**WHAT THIS TASK INVOLVES**. Once the line holding "Picture of Blue" is found in the listing below, write it out and each later line exactly, up to and including the one holding "Introduction to Watercolor Painting".

**EXTRACTED ENTRIES**.
>>>
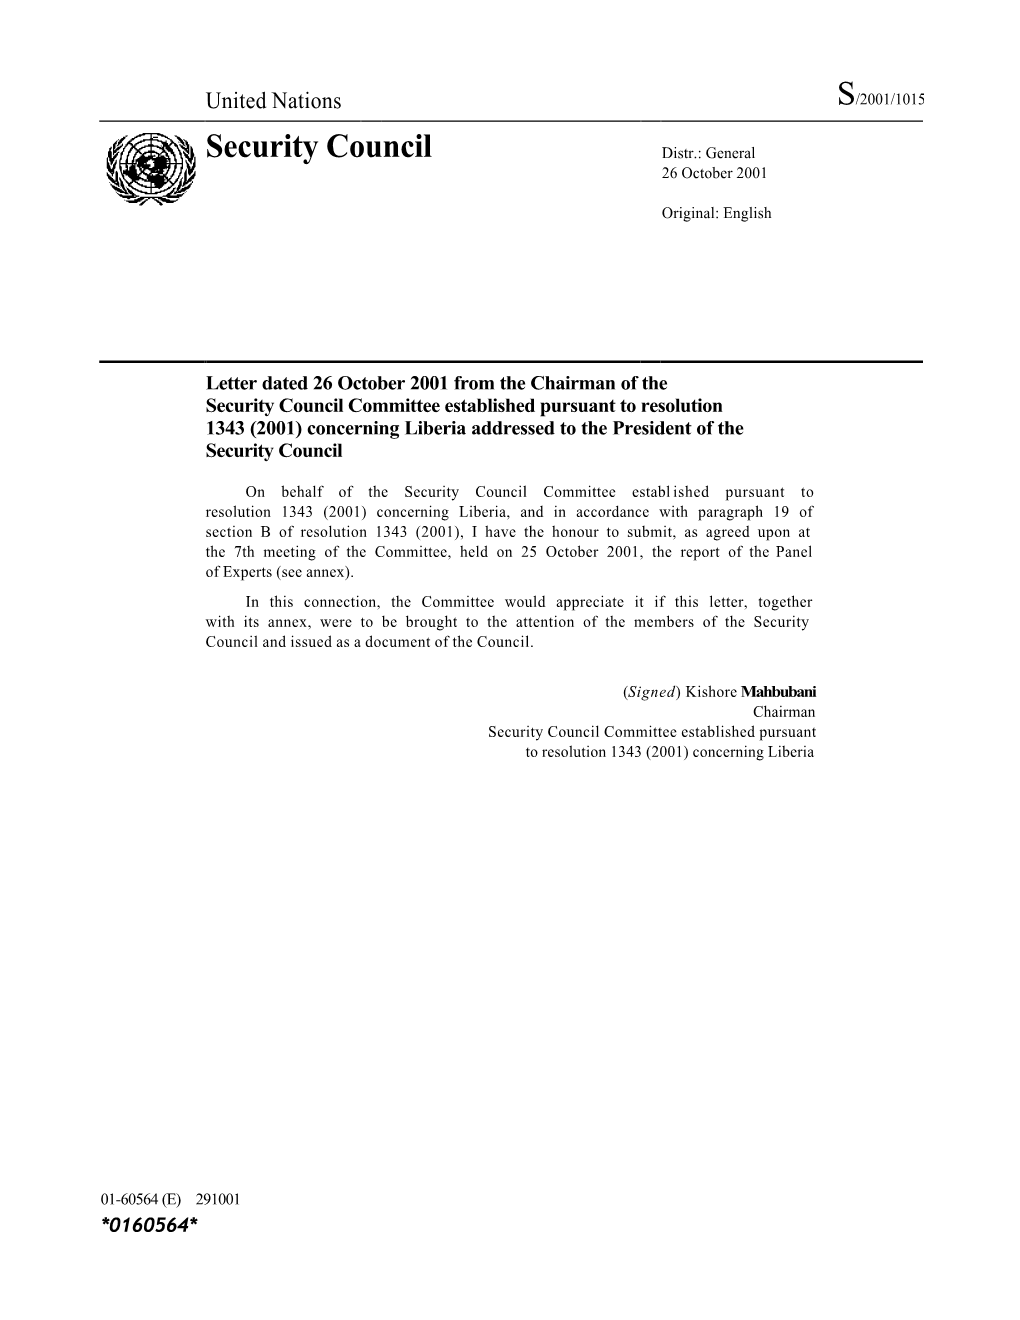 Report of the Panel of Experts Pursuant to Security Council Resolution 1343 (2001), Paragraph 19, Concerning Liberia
<<<
>>>
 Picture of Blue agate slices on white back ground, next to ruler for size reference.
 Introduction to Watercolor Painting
<<<
>>>
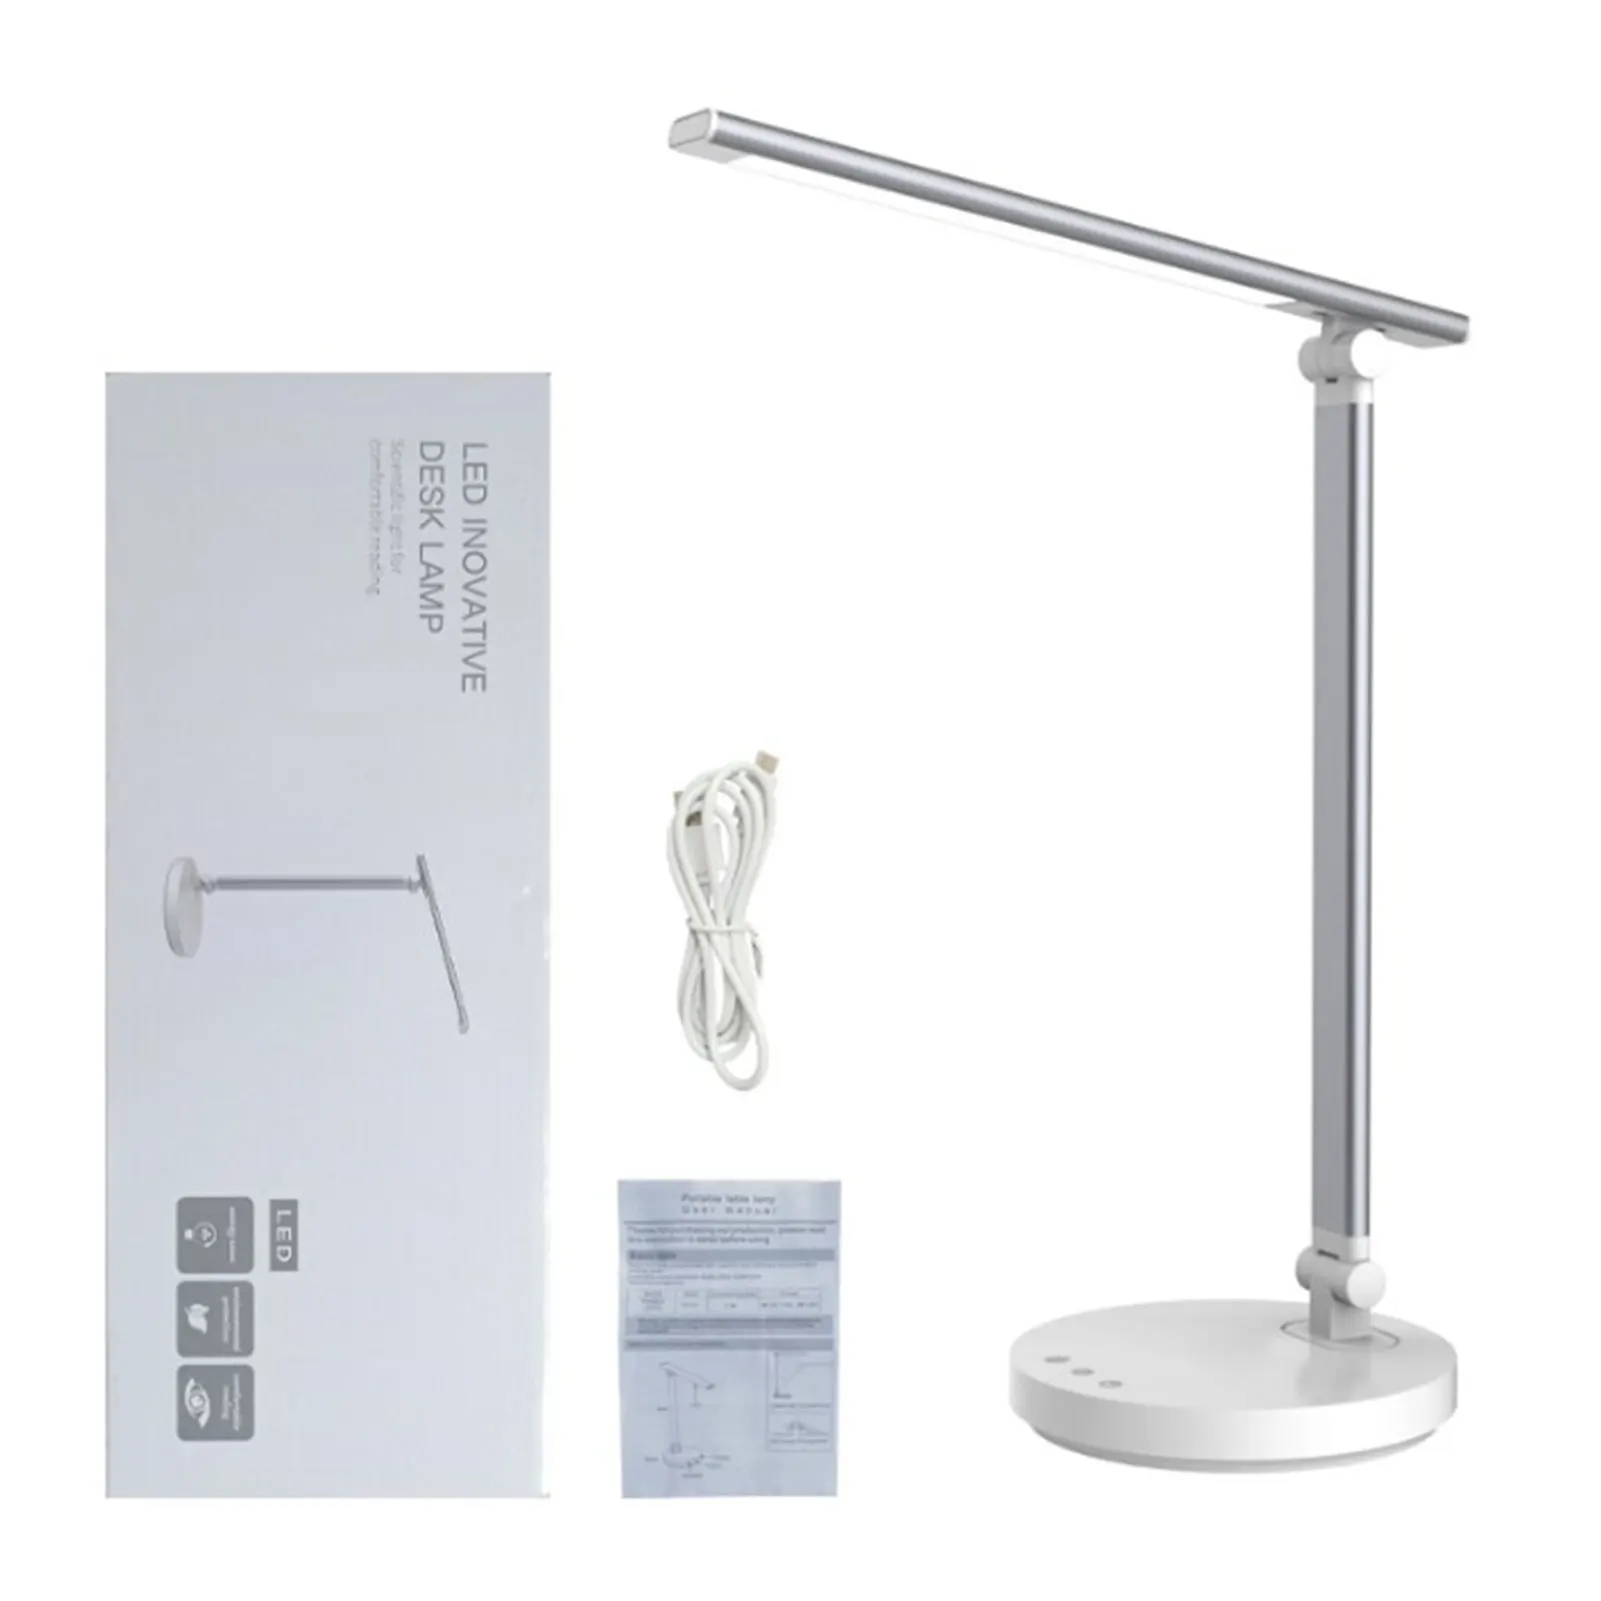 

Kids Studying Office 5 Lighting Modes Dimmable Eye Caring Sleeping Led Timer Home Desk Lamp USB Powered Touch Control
<<<
**EXERCISE OUTPUT**.
 Picture of Blue agate slices on white back ground, next to ruler for size reference.
 Introduction to Watercolor Painting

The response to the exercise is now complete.